To search through legal documents, precision is important: 42 U.S.C 2000e-5 (a section of the United States Code) is not the same as 42 U.S.C. 2000e. At the same time, a text search for 'discriminate', should probably also return results that have the word 'discrimination'. To handle this in Elasticsearch (ES) seemed at first simple: create two indexes, or two 'types' within a single index. In essence, we'd index the documents once with a permissive analyzer that doesn't discriminate between 'discriminate' and 'discrimination' (an English-language analyzer) and once with a strict analyzer, that breaks words on whitespace and will only match exact terms (read more on ES analyzers here). Search the first index when you want a flexible match and the second one when you want an exact match. So far so good.

None or too many

But what about combining a flexible match with a strict one ("section 2000e-5" AND discriminate)? You either get no results or duplicates. No results are returned if you're looking for the overlap of the two terms: by design, the two indexes were created separately.  OTOH, if you're looking for matches of either term, you get duplicates, one from each index. Back to the drawing board.

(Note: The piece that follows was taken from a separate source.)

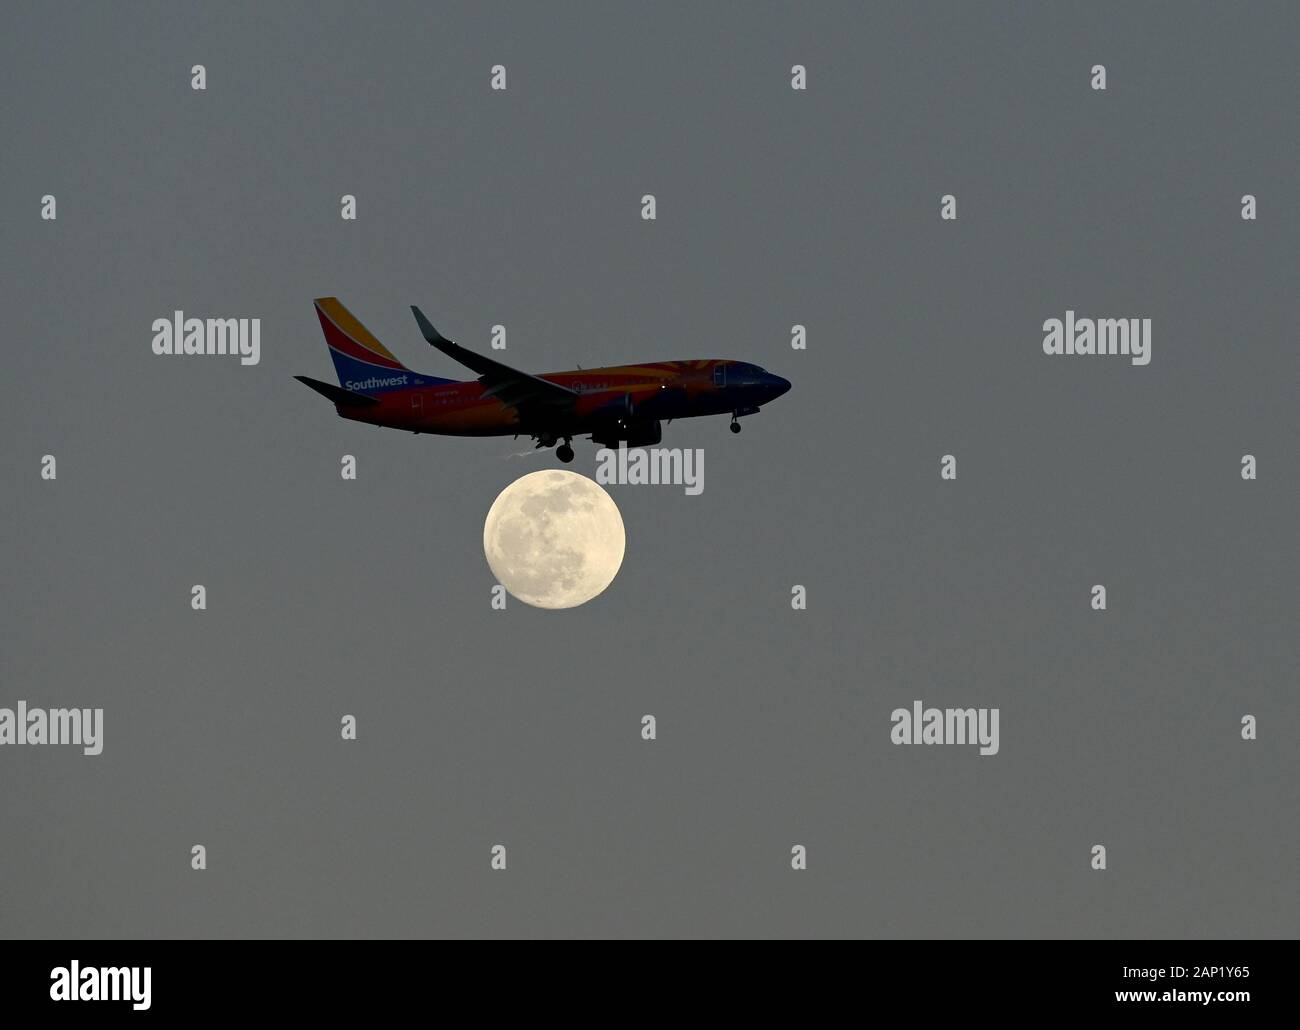 A Southwest Airlines Boeing 737-700 airplane lands over a full moon near Orlando International Airport or MCO. Stock Photo

To remove duplicates, the internet suggests field collapsing: index each document, using the same ID value in both indexes, group by ID and set 'top_hits' to 1, to get just one of the two duplicates. Unfortunately, grouping also breaks the nice results pagination that comes with ES. So you can de-duplicate results, but can't easily paginate them. This is a problem for searches that return hundreds, or thousands of results. For a nice afternoon detour, you can read why pagination and aggregation don't play well together.

Two fields in one index

O.K., then, how about indexing each field twice within the same document in the index. The two copies should have different names and should be analyzed differently. For example, one could be called 'flex_docText' and the other 'exact_docText'. Combined flexible and exact searches will point to the same document. And while each field is indexed and searched differently, the original text that ES stores will be the same, so we only need to return one of these fields (it doesn't matter which) to the user.


The first step is to create the new index with a 'mapping' for the two fields that defines the different analyzers to use for each: 
POST myindex
    "mytype" : {
          "properties" : {
                "flex_docText" : { "type": "string",
          "analyzer" : "english" },
                "exact_docText" : { "type": "string",
          "analyzer" : "whitespace" }

Next, index the documents, making sure to index the 'docText' field twice, once under each name. This can be as easy as including the content twice when creating the document:

PUT /myindex/mytype
  "flex_docText": "This is the text to be indexed.",
  "exact_docText":  "This is the text to be indexed."

Indexing from SQL

An additional complication arises when importing data from a SQL database. As described in my earlier post, a nice open source JDBC import tool was built for this purpose. So nice, in fact, that it directly takes the output of a SQL query and sends it to Elasticsearch to be indexed. The downside is that the data is indexed with just the name it has in the SQL query.  So, if your database column is named 'docText', in a table named 'myTable', you might use this query:

SELECT docText FROM myTable

The JDBC import tool would then index one field, called docText. If you want to create two parallel fields in the index, it is necessary to rename the database column, and extract it twice from the database, using the following syntax:

SELECT docText as flex_docText, docText as exact_docText FROM myTable

In fact, you can extract the same data as many times as you want, under different names, and apply different analysis to the data in the index mapping.  Does that really work? Yes, that really works.  Now if you want to highlight search results and avoid duplicates, that's a story for another day.